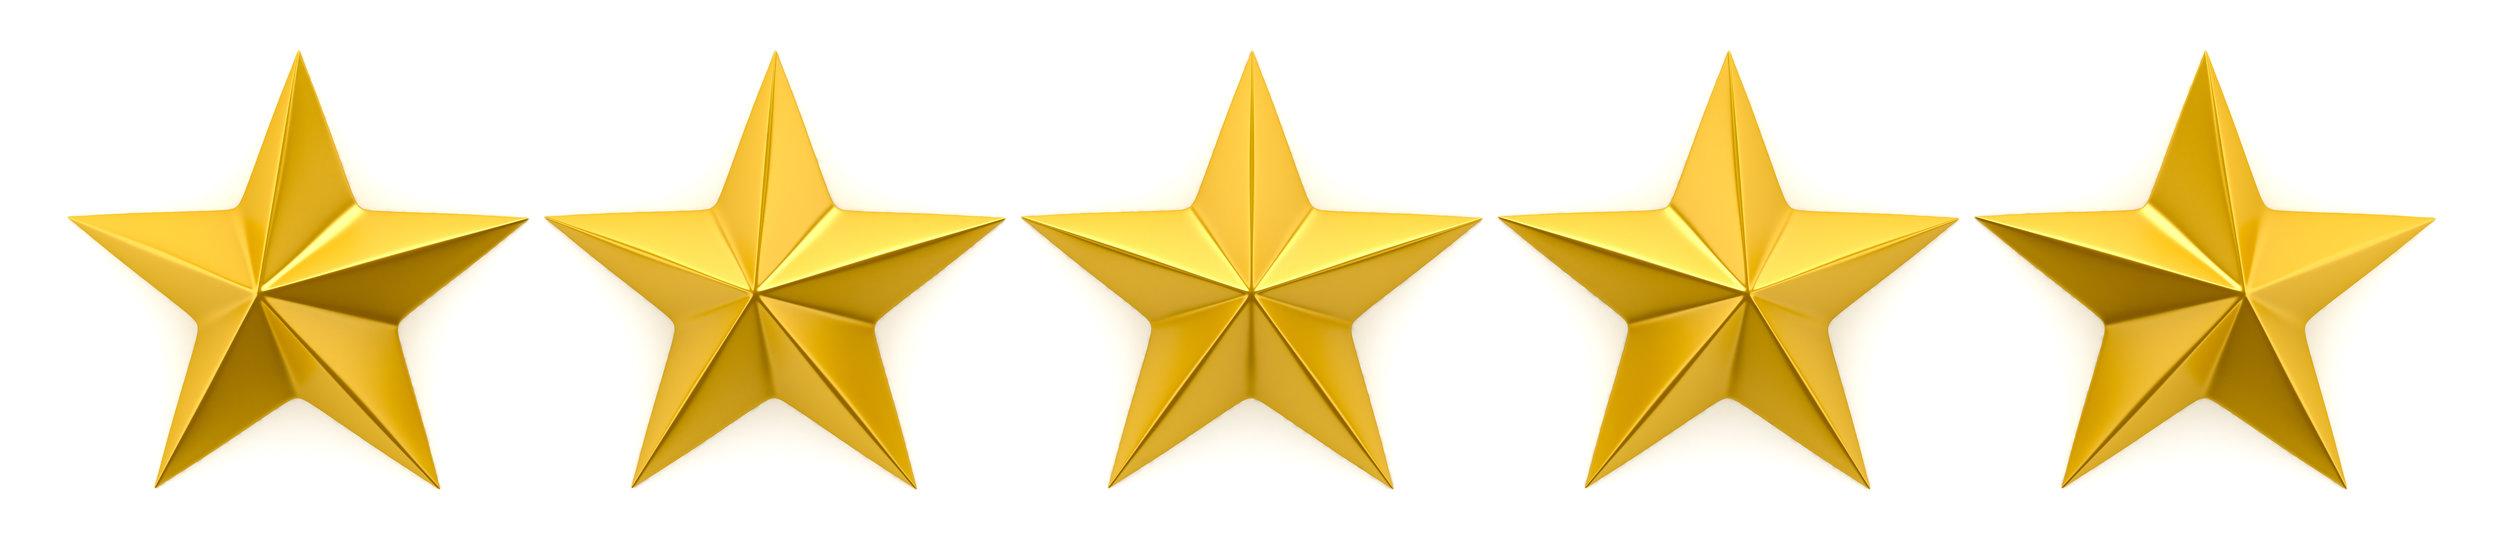 Reviews 5 Star.jpeg
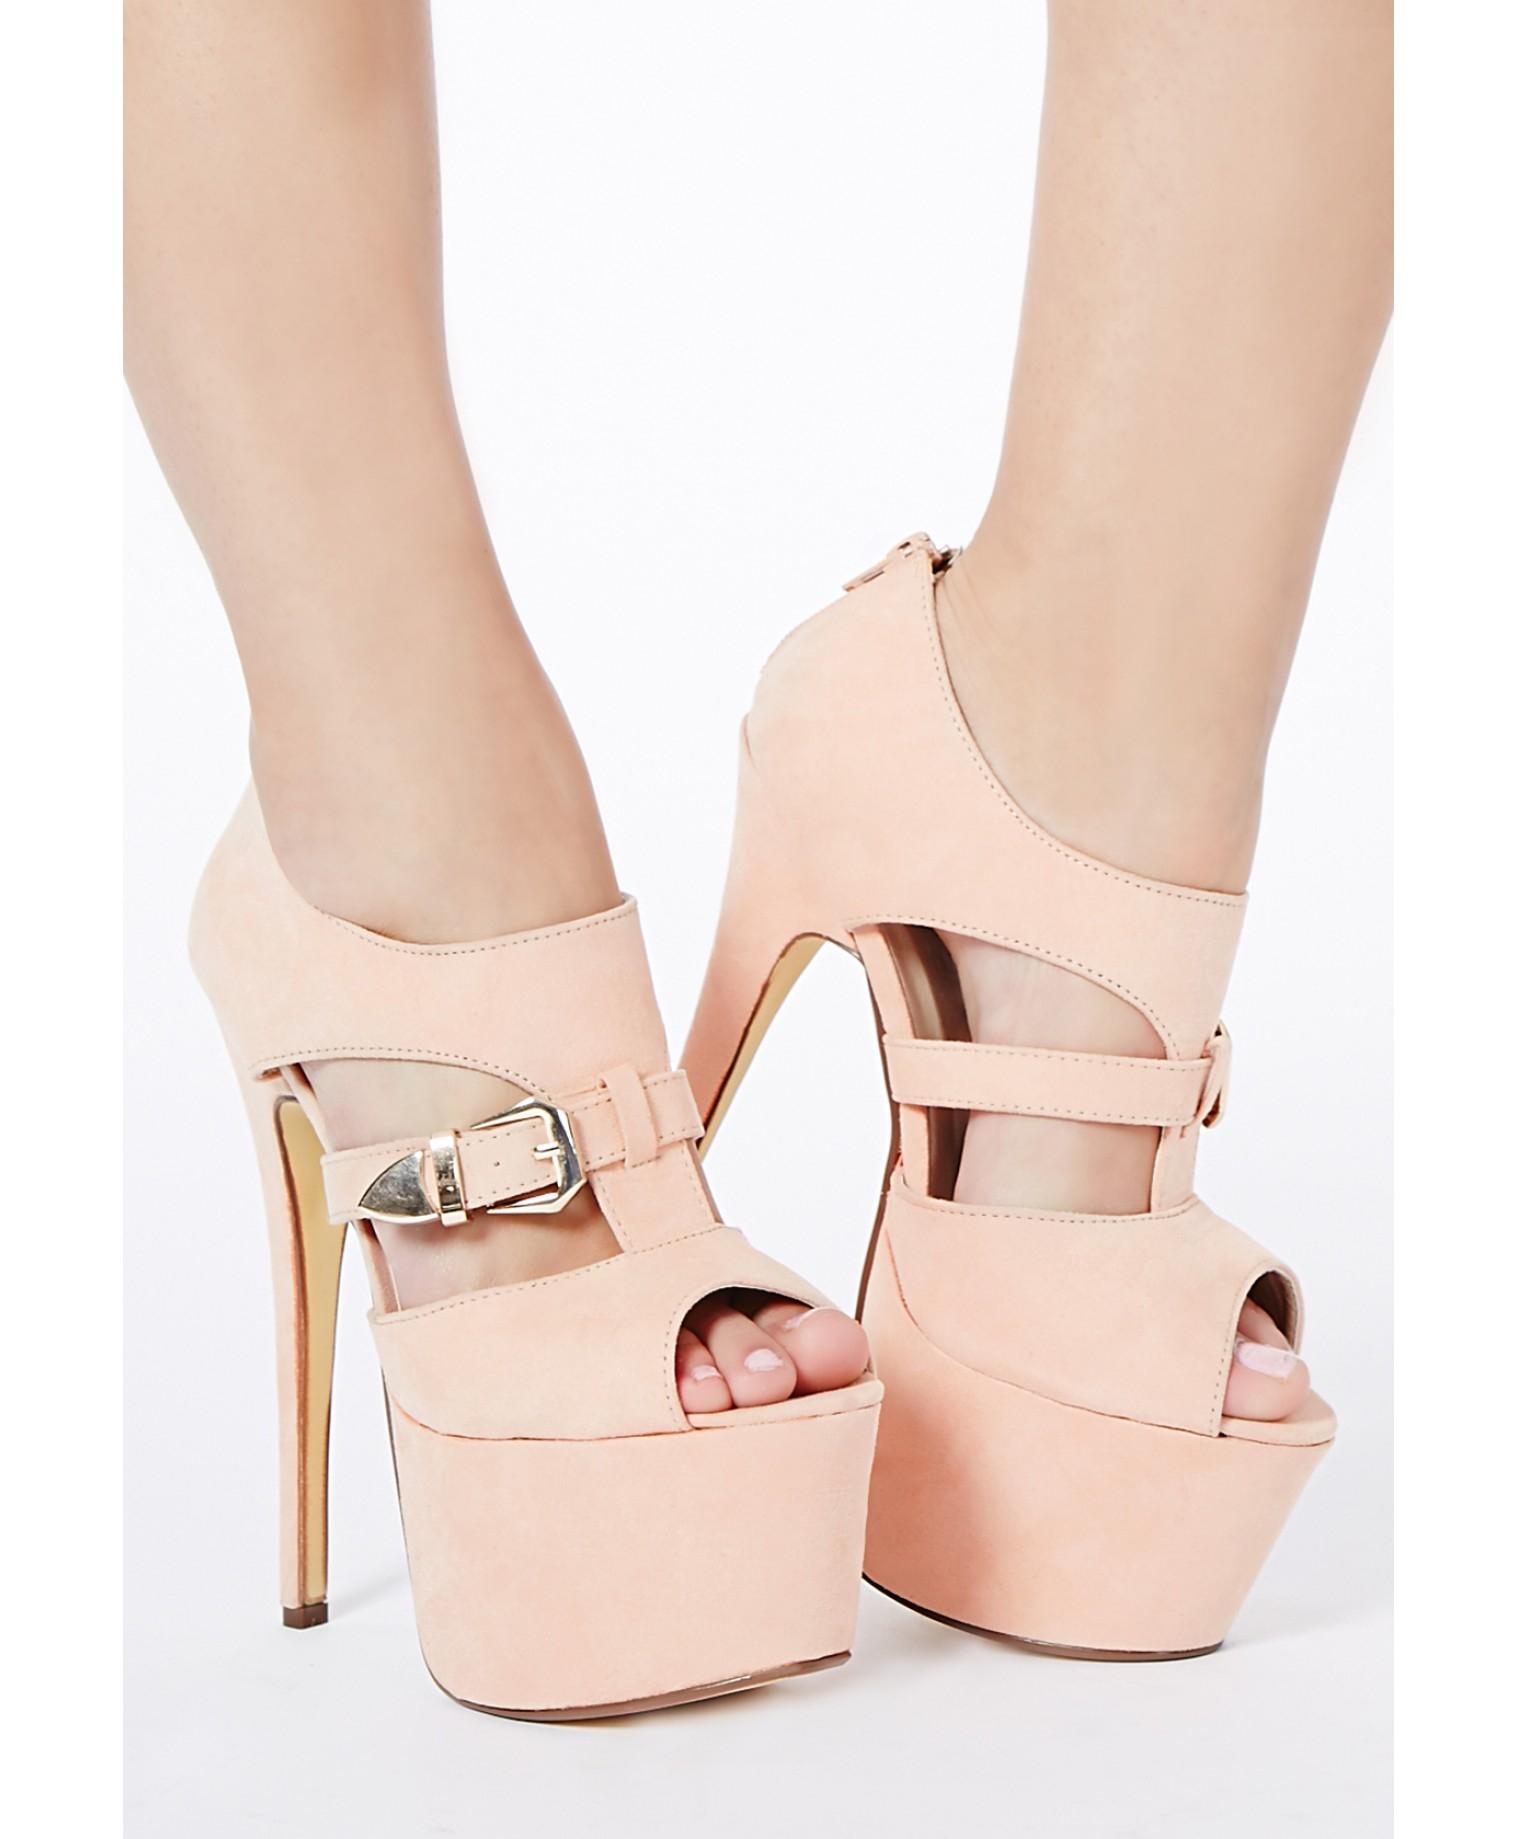 61033590a4d9ec Lyst - Missguided Connie Blush Peep Toe Platform Heels in Pink
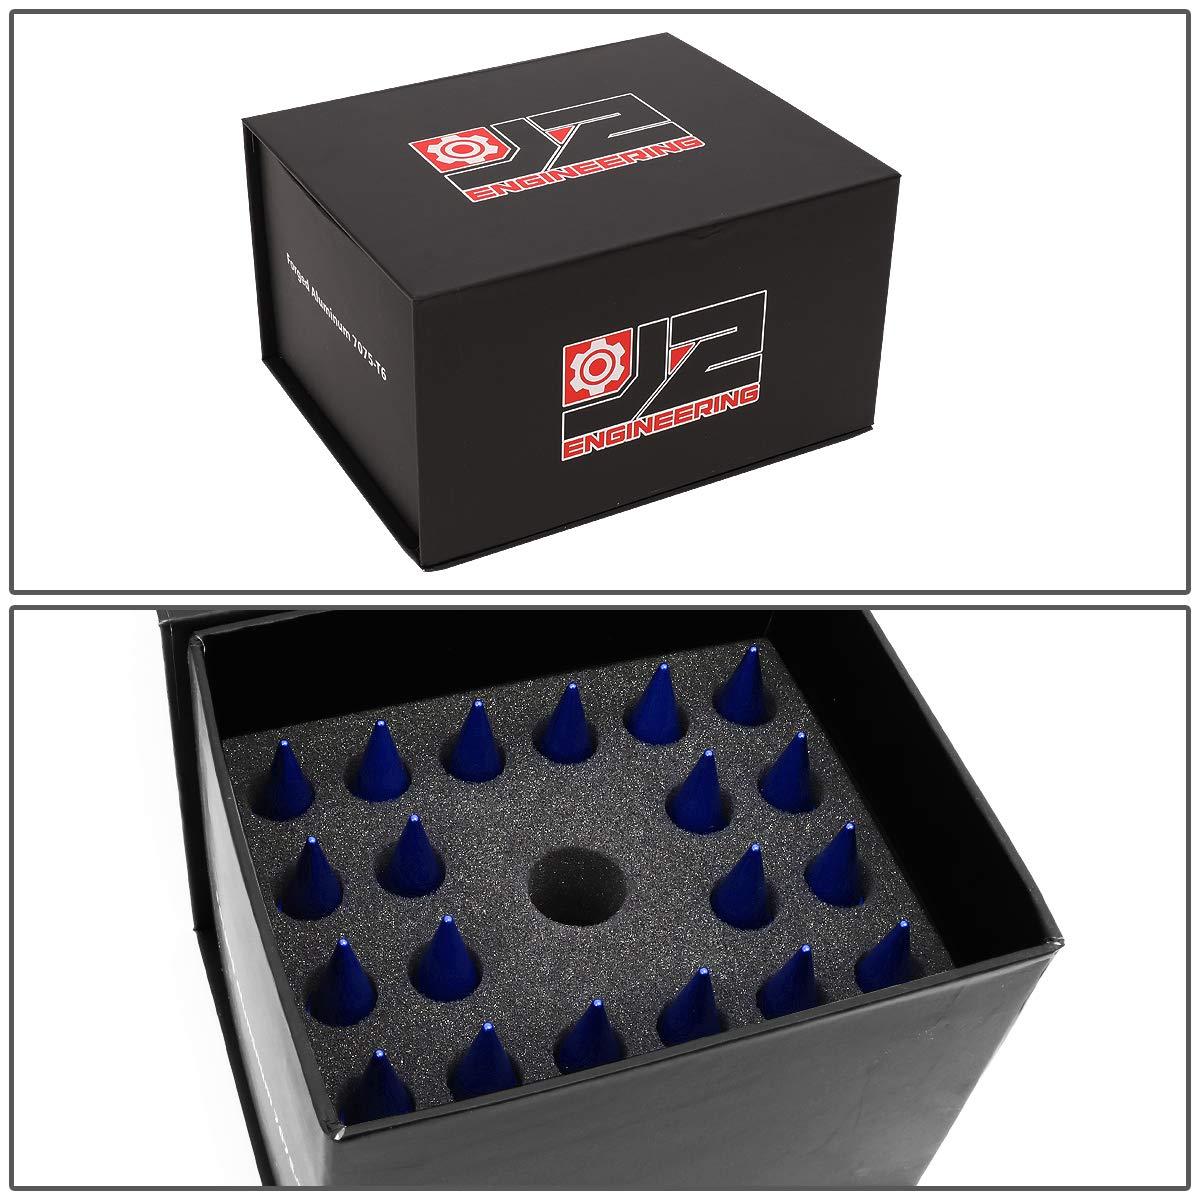 60mm Open End Lug Nut w//Socket Adapter J2 Engineering LN-T7-003-15-RD Red 7075 Aluminum M12X1.5 20Pcs L
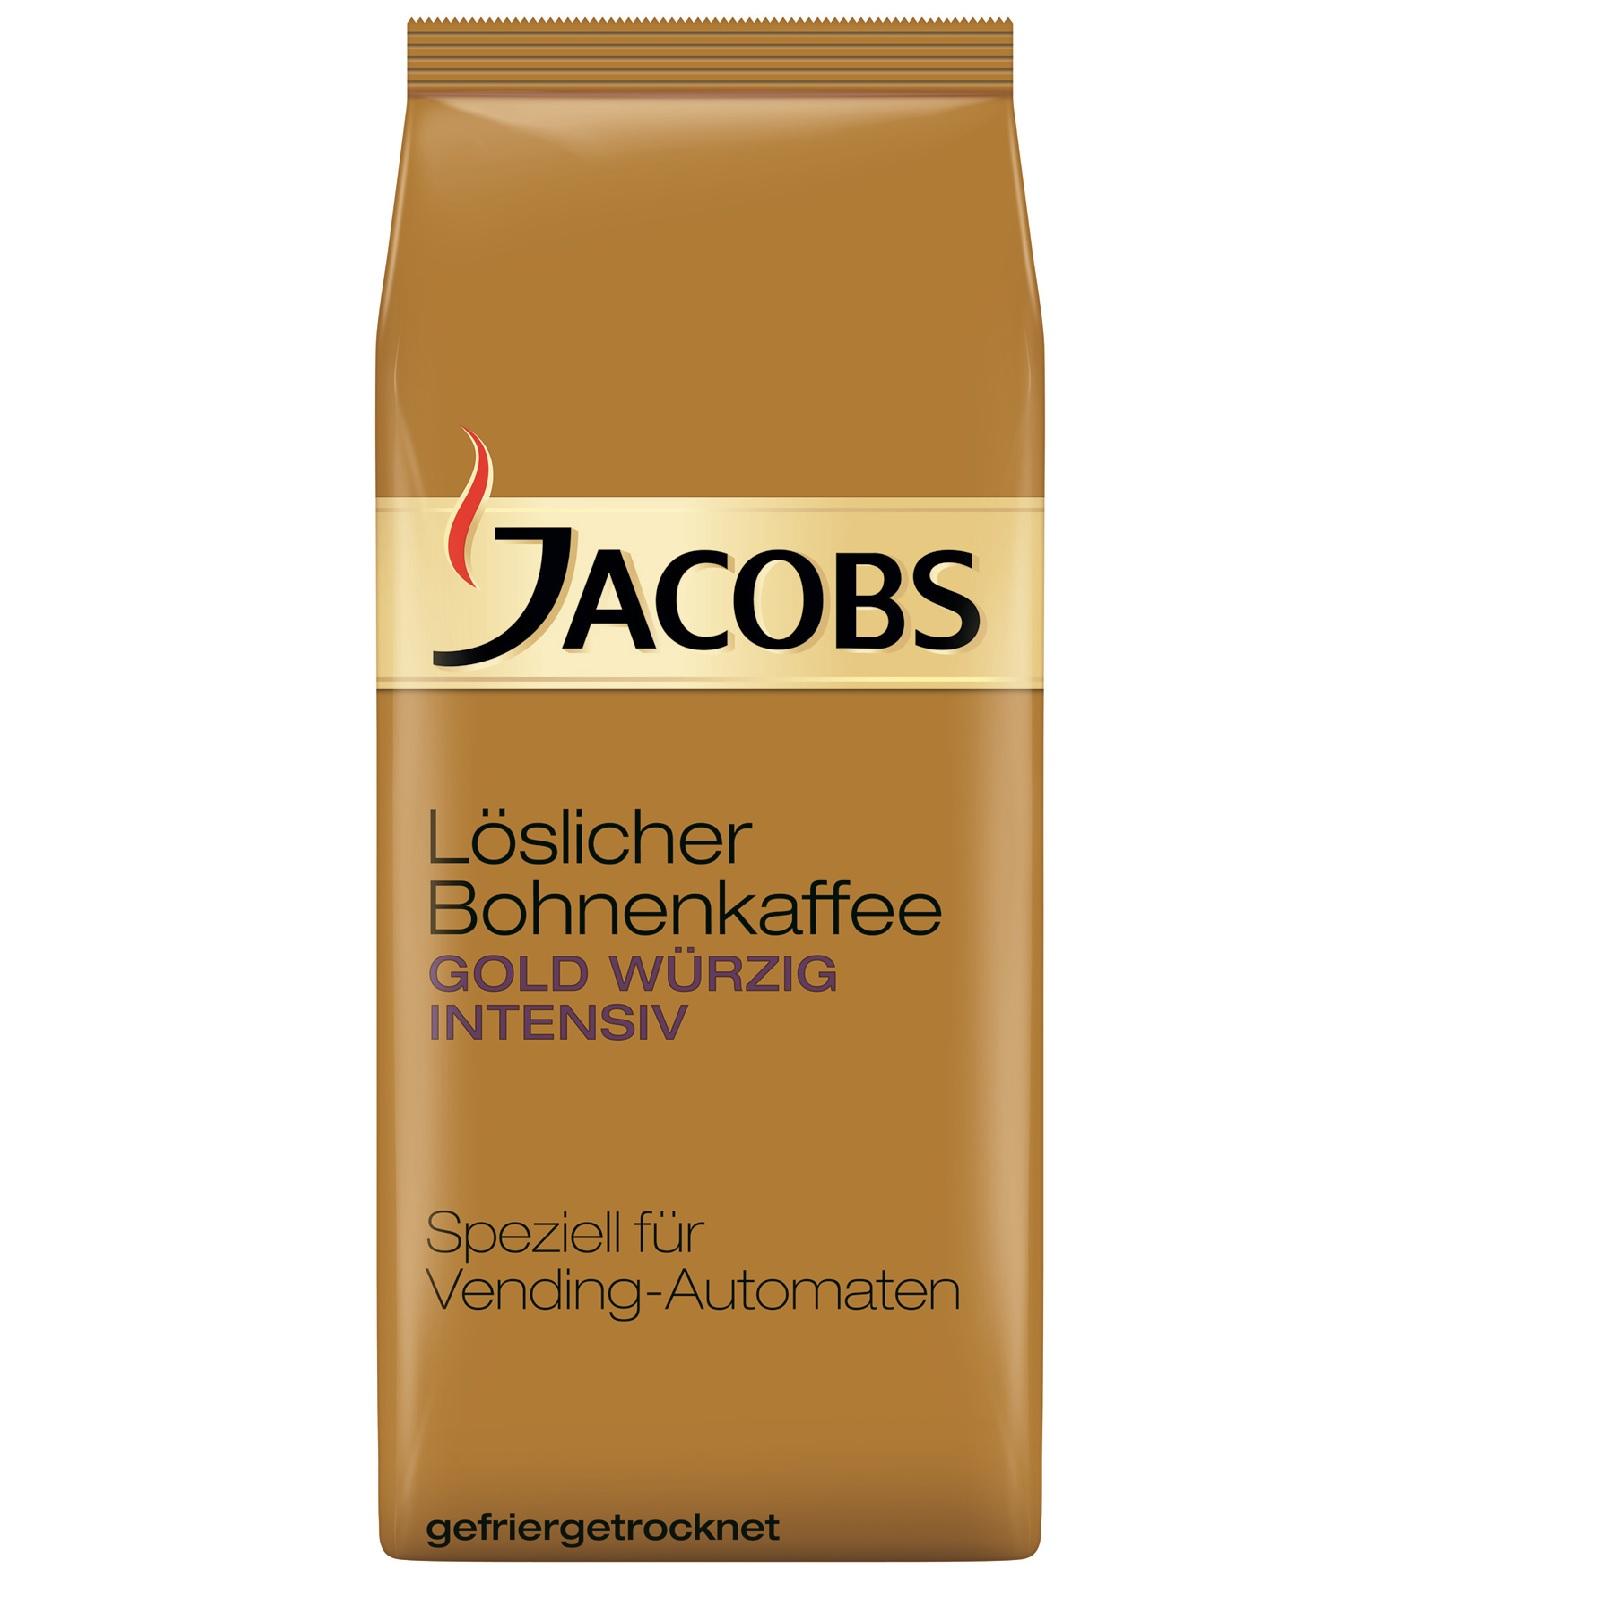 Jacobs Gold würzig Intensiv 8 x 500g Instant-Kaffee

========

**REQUIRED WORK**
Begin at the line that contains "61033590a4d9ec Lyst - Missguided" and transcribe every line through the end of the listing, exactly as written. Omit the pictures.

**ANSWER TO THIS TASK**
 61033590a4d9ec Lyst - Missguided Connie Blush Peep Toe Platform Heels in Pink
 60mm Open End Lug Nut w//Socket Adapter J2 Engineering LN-T7-003-15-RD Red 7075 Aluminum M12X1.5 20Pcs L
 Jacobs Gold würzig Intensiv 8 x 500g Instant-Kaffee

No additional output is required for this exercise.